Note: Downloading data requires an internet connection. The download chunks in this vignette use #| eval: false so they do not run during package installation.

library(preMetabolizer)
library(dplyr)
library(ggplot2)

Choose a station

GHCNh downloads require a station ID. If you do not already have one, use the NOAA station helpers to find candidate stations near your study site.

konza_noaa <- closest_noaa_stations(
  latitude = 39.1068806,
  longitude = -96.6117151,
  dist_km = 50,
  state = "KS"
)

station_id <- konza_noaa |>
  arrange(distance_km) |>
  pull(GHCND_ID) |>
  first()

station_id

See vignette("noaa", package = "preMetabolizer") for more detail on station metadata and distance searches.

Download files

download_ghcnh() downloads one compressed CSV file for each requested year. By default, files are saved to preMetabolizer’s NOAA cache directory.
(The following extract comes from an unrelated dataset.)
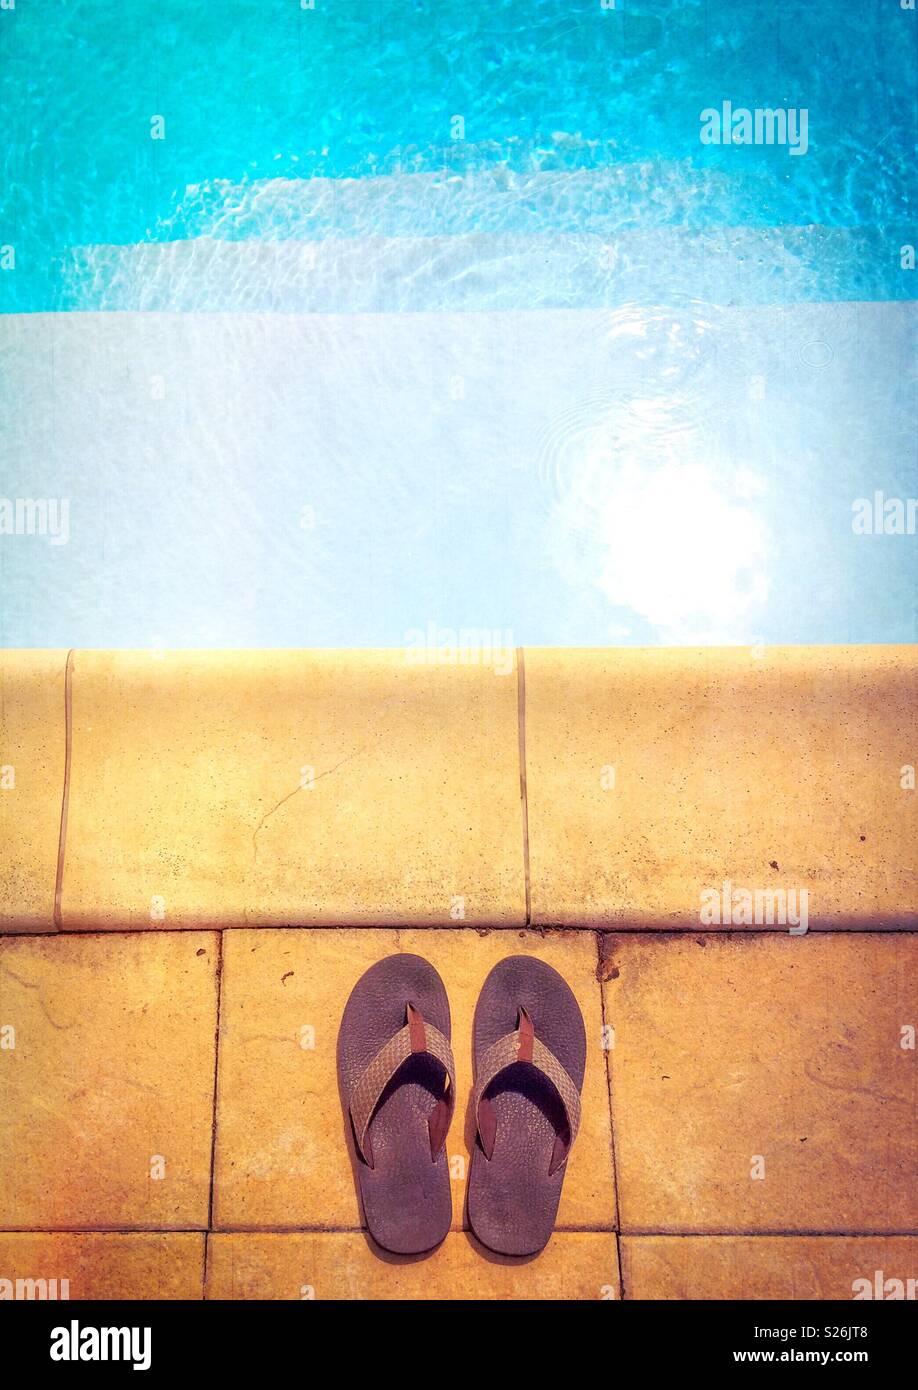 Eingabe Pool. Flach Bild von ein paar flip-flops am Rand des Pools. Sommer Konzept. Stockbild

You can also provide an output_dir when you want the files to live with a project.

download_result <- download_ghcnh(
  station_id = station_id,
  years = 2022:2024
)

str(download_result)

For reproducible projects, it is often clearer to use a project directory.

download_result <- download_ghcnh(
  station_id = station_id,
  years = 2022:2024,
  output_dir = "data/ghcnh",
  quiet = TRUE
)

download_result

If a requested file already exists locally, download_ghcnh() skips it and reports it in skipped_downloads.

Read downloaded files

Use read_ghcnh() with either a directory or an explicit vector of files. When combine = TRUE, the default, all successfully read files are combined into one data frame.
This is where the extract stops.